Европа между Рузвельтом и Сталиным. 1941–1945 гг. | страница 109



. Однако с большой вероятностью можно предположить, что такая система была предложена не только потому, что она была хорошо знакома американскому президенту. Не в последнюю очередь здесь сказались опасения за будущую судьбу европейского континента после разгрома Германии и поведение Советского Союза в предполагаемой зоне его влияния – прежде всего в Восточной Европе. Эксперты из внешнеполитического ведомства США в конце 1943 г. все чаще предупреждали об угрозе единоличного господства СССР на континенте. На переговорах Тегеранской конференции, суммировал эксперт по советским делам Госдепартамента Ч. Болен, стороны договорились о разгроме Германии. В результате «государствам Восточной, Юго-Восточной и Центральной Европы не будет позволено вступать в какую-либо форму федерации или ассоциации. Франция будет лишена своих колоний, стратегических баз за пределами своих границ и достаточной военной силы. Польша и Италия сохранятся приблизительно в своих нынешних территориальных очертаниях, но весьма сомнительно, чтобы им было разрешено иметь сколько-нибудь значительные армии. В итоге Советский Союз станет единственной значимой военной и политической силой на европейском континенте…»>240

Рузвельт понимал, к каким ограничениям для американских интересов (в том числе экономическим) может привести подобное развитие событий. Вновь перед ним вставал вопрос о необходимости найти выгодные для США и понятные большинству американцев правила игры в послевоенном мире – обозначить такие перспективы сотрудничества великих держав, которые не привели бы к новому витку напряжения и не стали прелюдией нового мирового конфликта.
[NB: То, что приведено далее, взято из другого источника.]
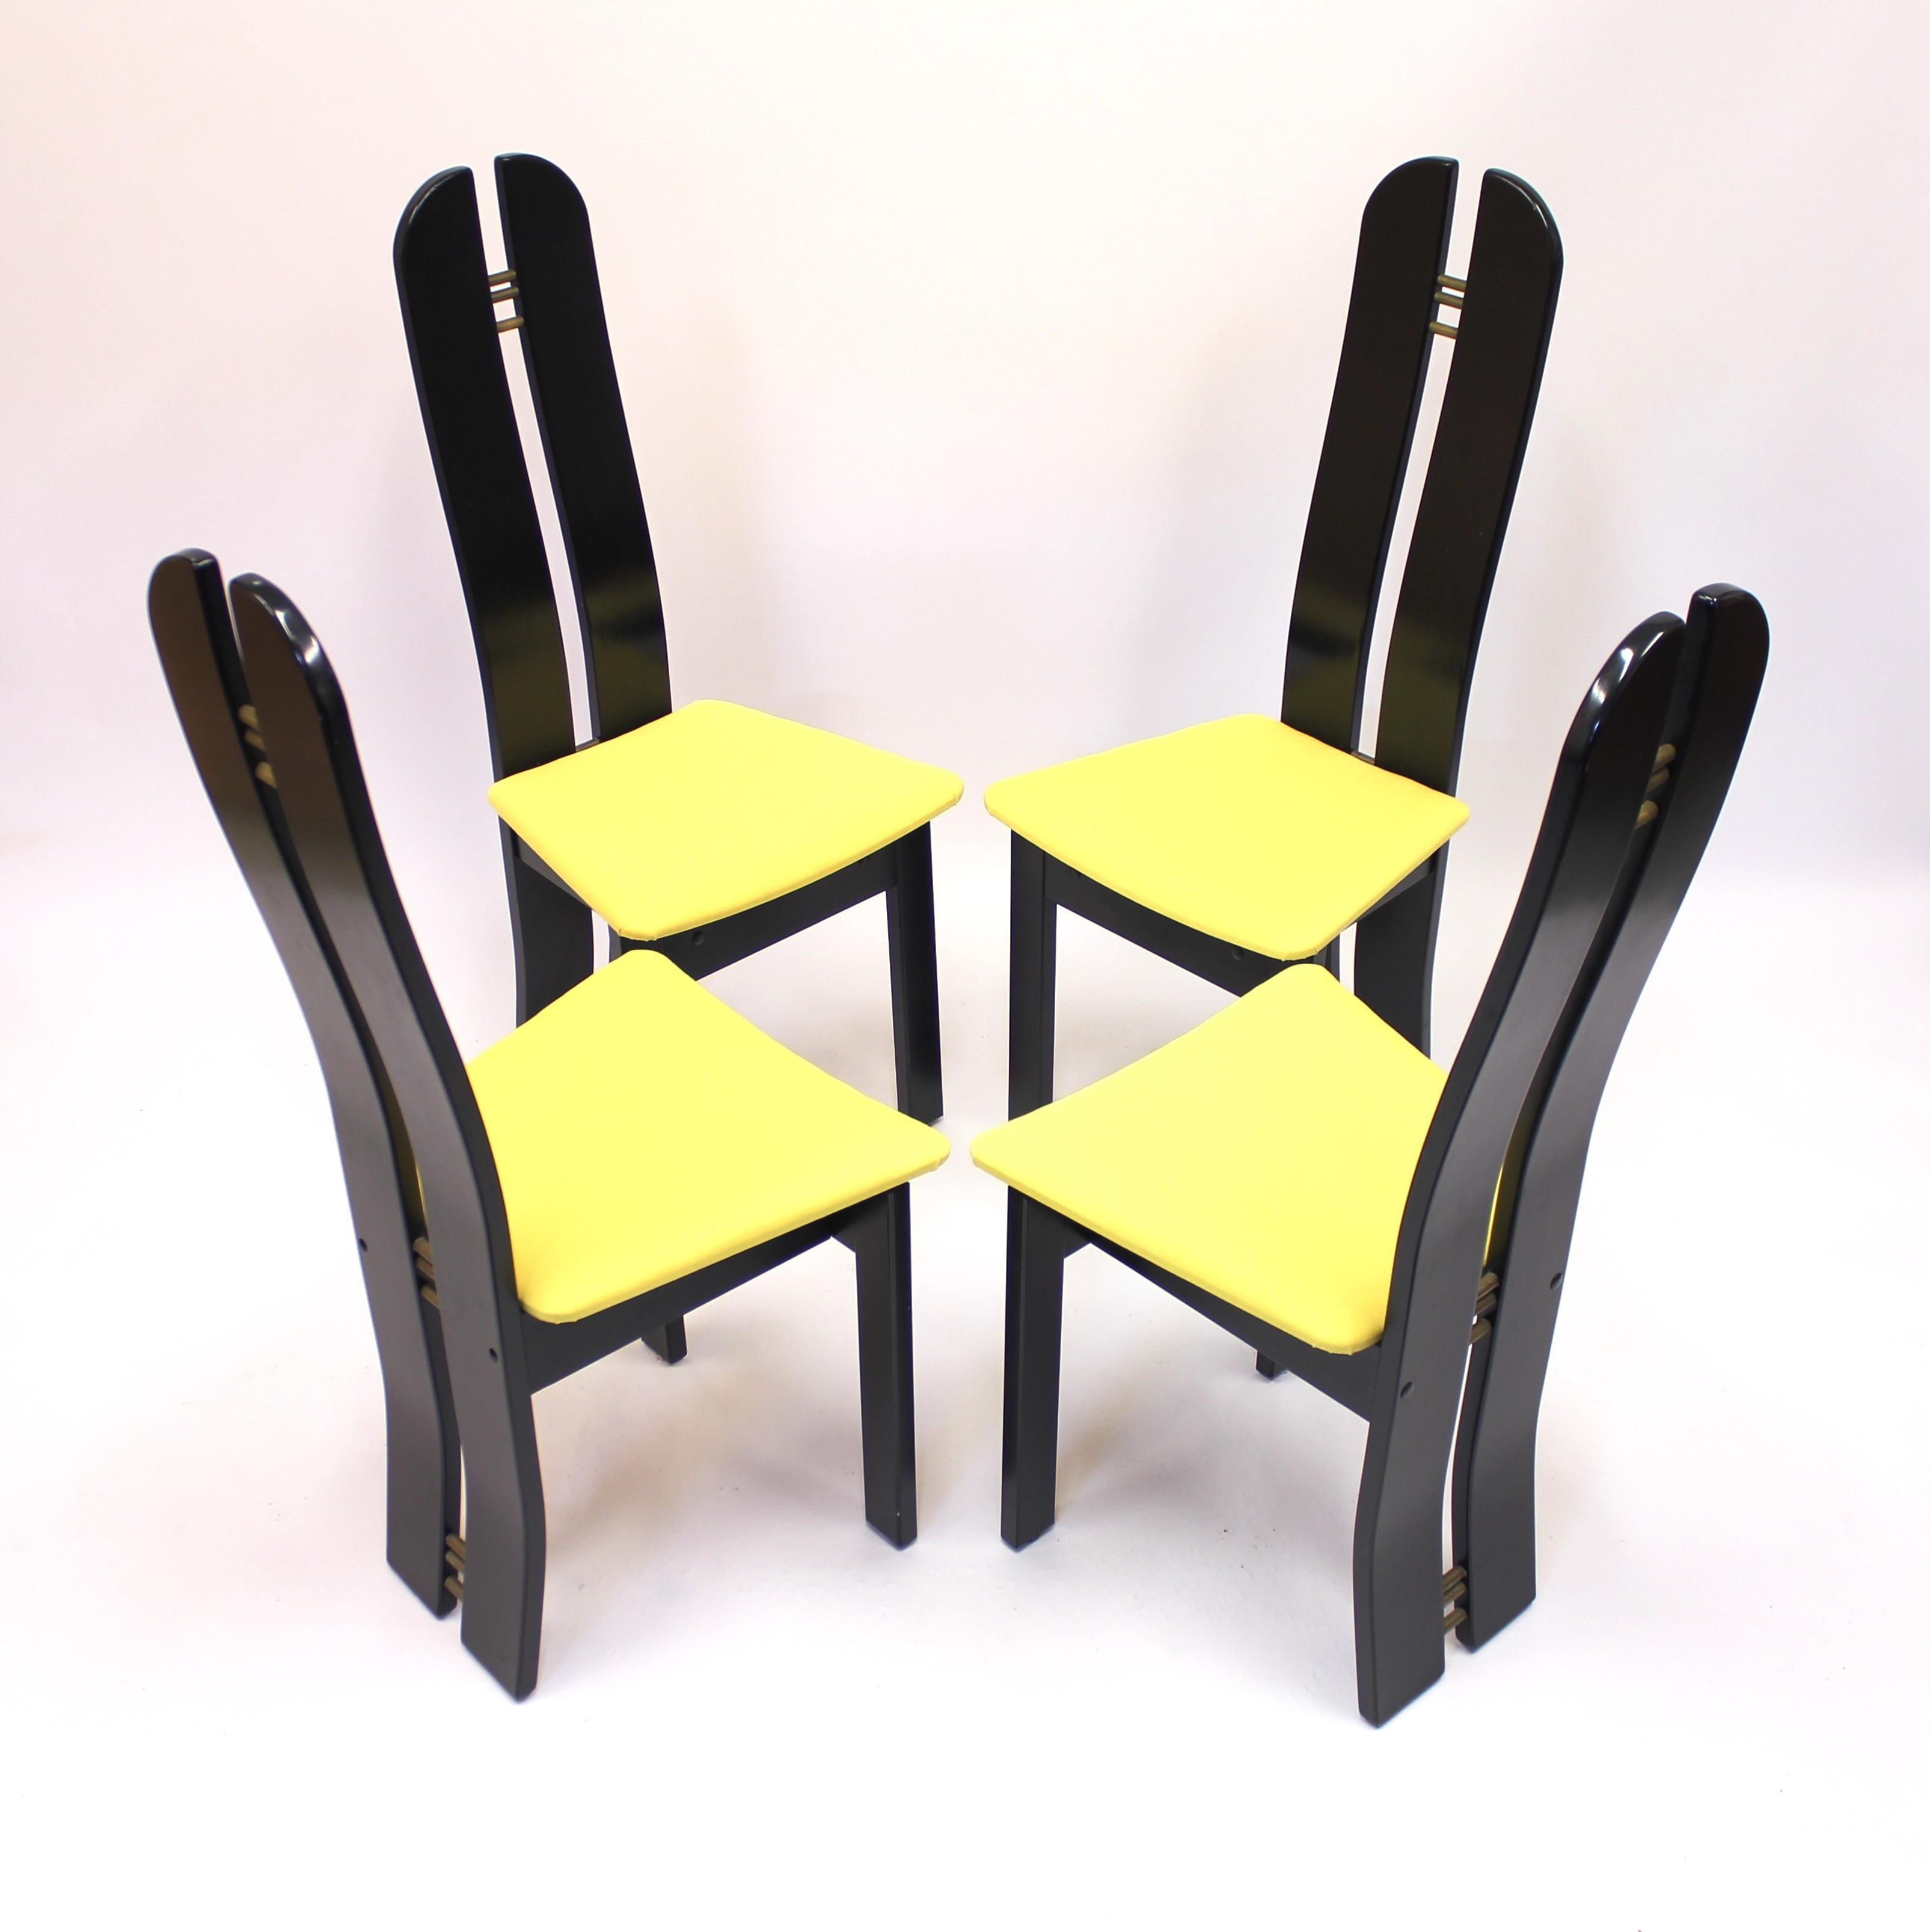 Danish Set of 4 High Back Postmodern Chairs Form Mørkøv Møbelindustri Aps, 1980s For Sale
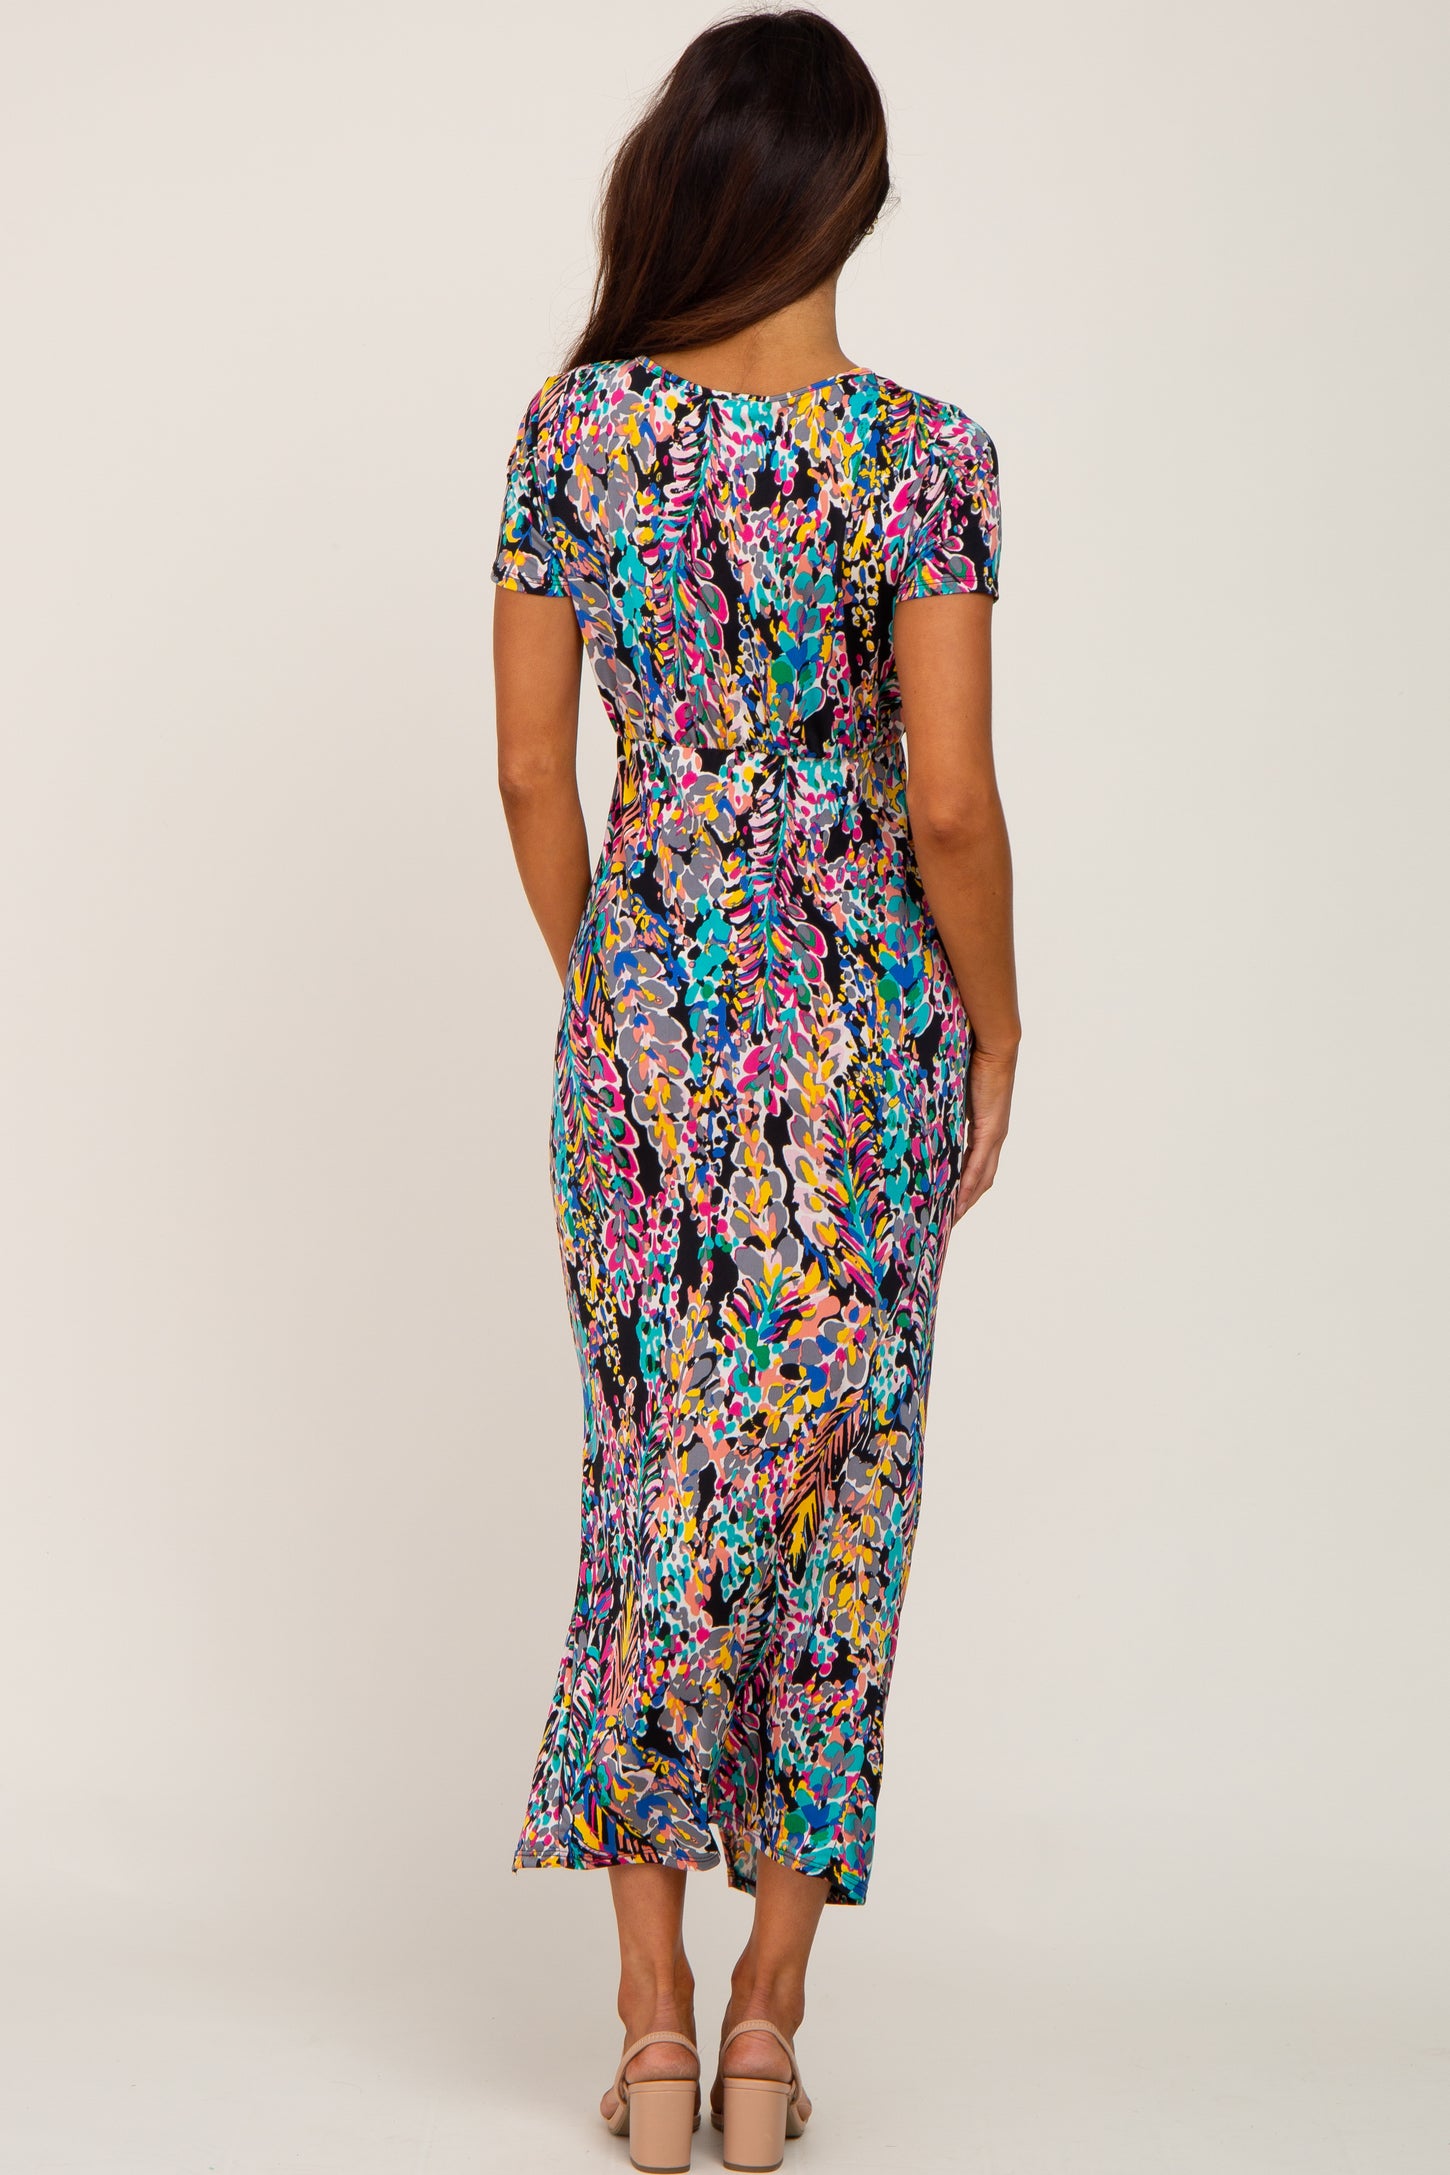 Black Multi-Color Floral Side Slit Maxi Dress

Актуальным оставался вопрос и о контроле над самими «полицейскими». По свидетельству исследователя политики США в 1940-х годах Клауса Швабе, по мере того как боевые действия все ближе приближались к границам Восточной Европы, президент все более относился к идее организации Объединенных наций именно как к проекту международного института, наделенного контрольными функциями. Точнее говоря, подобным «контролером» мог стать Совет безопасности, постоянные члены которого должны были обладать привилегированными позициями. Рузвельт надеялся, что подчиненные Совету международные полицейские силы будут приемлемы и для американского общественного мнения>241. Однако на данном этапе войны в подвешенном состоянии оставались вопросы: должны ли при этом существовать специальные и четко ограниченные зоны ответственности для великих держав? И если да, то где они должны проходить в Европе? Историк У. Кимболл, комментируя поведение президента в Тегеране, замечает, что «дилеммой Рузвельта было примерить его видение будущего с необходимостью практического разрешения вопросов, имеющих отношение к политической реальности. Его манерой поведения в таком затруднительном положении было откладывать, избегать, уклоняться и увертываться. Он часто делал три шага назад, два в сторону и затем стоял на месте до момента рассмотрения одного гигантского шага вперед. Проблема состояла в том, что долгосрочные планы требуют времени для своего развития, тогда как непосредственные детали всегда кажутся первоочередными».